The 3rd district is by no means the only oddly shaped district in the map Democrats drew to maximize their chances in New York's congressional elections this fall. Several analysts have said the map could trim the number of Republicans in the state's House delegation in half, to only four – that is, if the plan withstands legal challenges.
While the Buffalo-based district in the proposed plan would be largely Democratic, the other two districts including parts of Erie County consist largely of smaller communities and rural territory and are most likely to be represented by Republicans.
Faso thinks it won't, thanks to a 2014 constitutional amendment New York voters approved banning partisan redistricting.
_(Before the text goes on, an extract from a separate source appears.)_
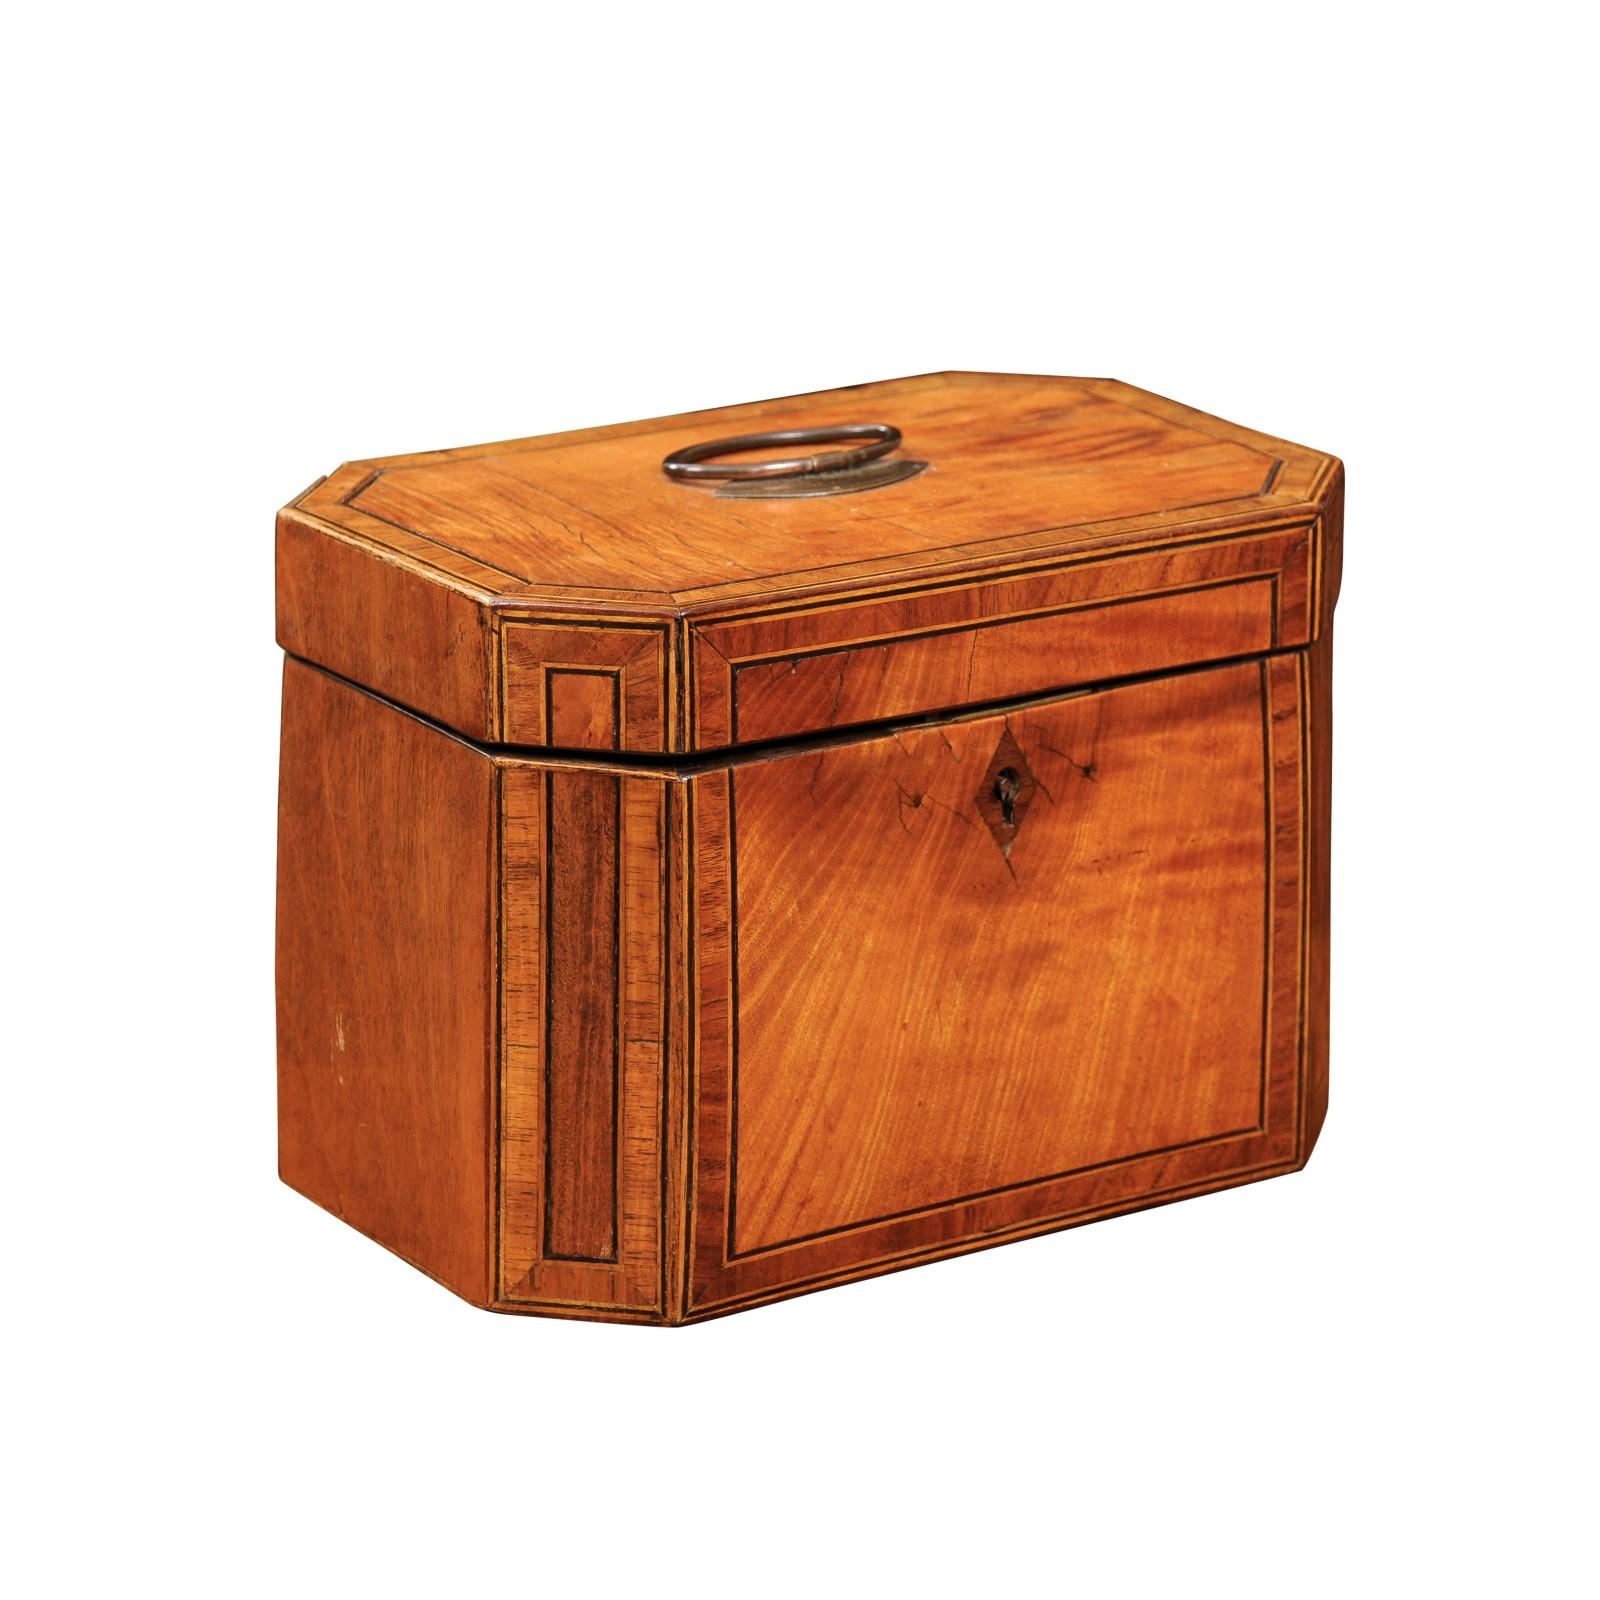 English Octagonal Satinwood Tea Caddy with Rosewood Cross Banding and String Inlay, Early 19th Century

Without that constitutional amendment, "I think they could have gotten away with this under state law," Faso said. "But now we have a constitution that says you can't do that. So really, the question is going to be, both on the congressional and the legislative map, whether the courts pay attention to the the amendment that the people put in the Constitution."
That constitutional amendment created an independent commission to draw up New York's new districts. That commission failed at its job, leaving the map-making in the hands of the heavily Democratic State Legislature.
But lawmakers still have to abide by other provisions of the constitutional amendment, which say:
• Each district shall consist of contiguous territory.
• Each district shall be as compact in form as practicable.
• Districts shall not be drawn to discourage competition or for the purpose of favoring or disfavoring incumbents or other particular candidates or political parties.
The new 3rd district doesn't look contiguous or compact to Faso, who said it's just one of several districts Democrats drew up that, in his opinion, are designed to elect Democrats. Among the most egregious, he said, is the 22nd district in Central New York, which unites Syracuse and Ithaca.
To do that sort of thing, map-makers jammed as many Republicans as possible into four districts: the 23rd and 24th in Western and Central New York, along with districts in the North Country and Long Island.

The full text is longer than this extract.